The user, @carpedonktum, whose real name is Logan Cook, said that he always honors take down orders, known officially as DMCA (Digital Millennium Copyright Act) violations, and has never uploaded content he was ordered to remove.
“I have ALWAYS complied with DMCA takedown rules, and I have submitted counterclaims when necessary, but I have NEVER uploaded content that has been removed. I have abided by the community guidlines, and followed the rules. It doesn’t matter.
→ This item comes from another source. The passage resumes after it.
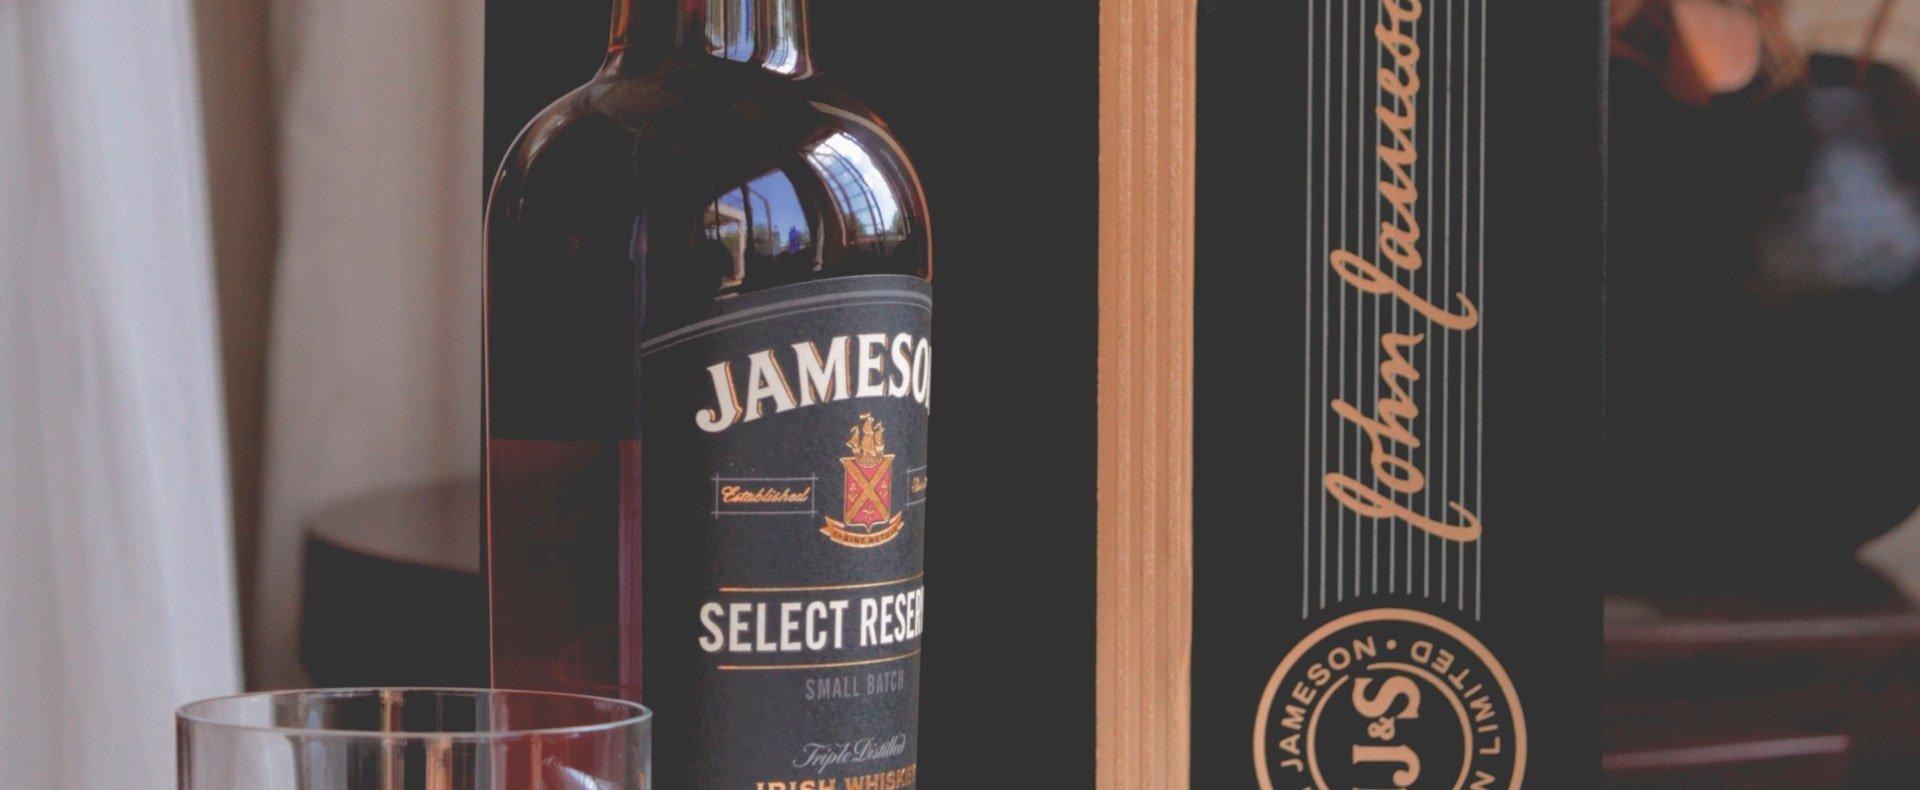 Jameson Distillery Experience Gallery

I have been banned for being effective and they won’t even look me in the eye as they do it,” Cook said.
Cook is famous for making memes that usually have Democrats and the mainstream media as their targets and has been retweeted often by the President.
Twitter says he has repeatedly violated the platform’s copyright infringement policy. “Per our copyright policy, we respond to valid copyright complaints sent to us by a copyright owner or their authorized representatives,” Twitter told The Daily Beast. “The account was permanently suspended for repeated violations of this policy.”
The video in question shows two young boys, one black and one white running towards each other, hugging, and then running off together to play.
Logan edited the video to show the two boys running away from each other with a caption that read “Terrified Todler [sic] Runs From Racist Baby,” intimating that there was racial strife between the two. It then shows the original context: that the two boys were actually friends, hugged and were running off to play with one another. The caption then reads, “America is not the problem…fake news is.”
In a post on the social media platform Parler, Logan explained the circumstances behind his ban included being asked to send personal information to a mysterious third-party company in a foreign country.
Master meme-maker Carpe Donktum has an update over at Parler about Twitter’s non-transparent actions taken against him. https://t.co/QXteAYoCJP pic.twitter.com/Dc3FkehwSr
— Mollie (@MZHemingway) June 24, 2020
“Twitter has not provided me with any avenue to get my account back, so I assume they intend this to be final and permanent,” Cook writes on his blog.
The social media giant has become increasingly aggressive in recent weeks and their censoring of President Trump’s activity on the platform and placing of “warning” labels on the President’s messages.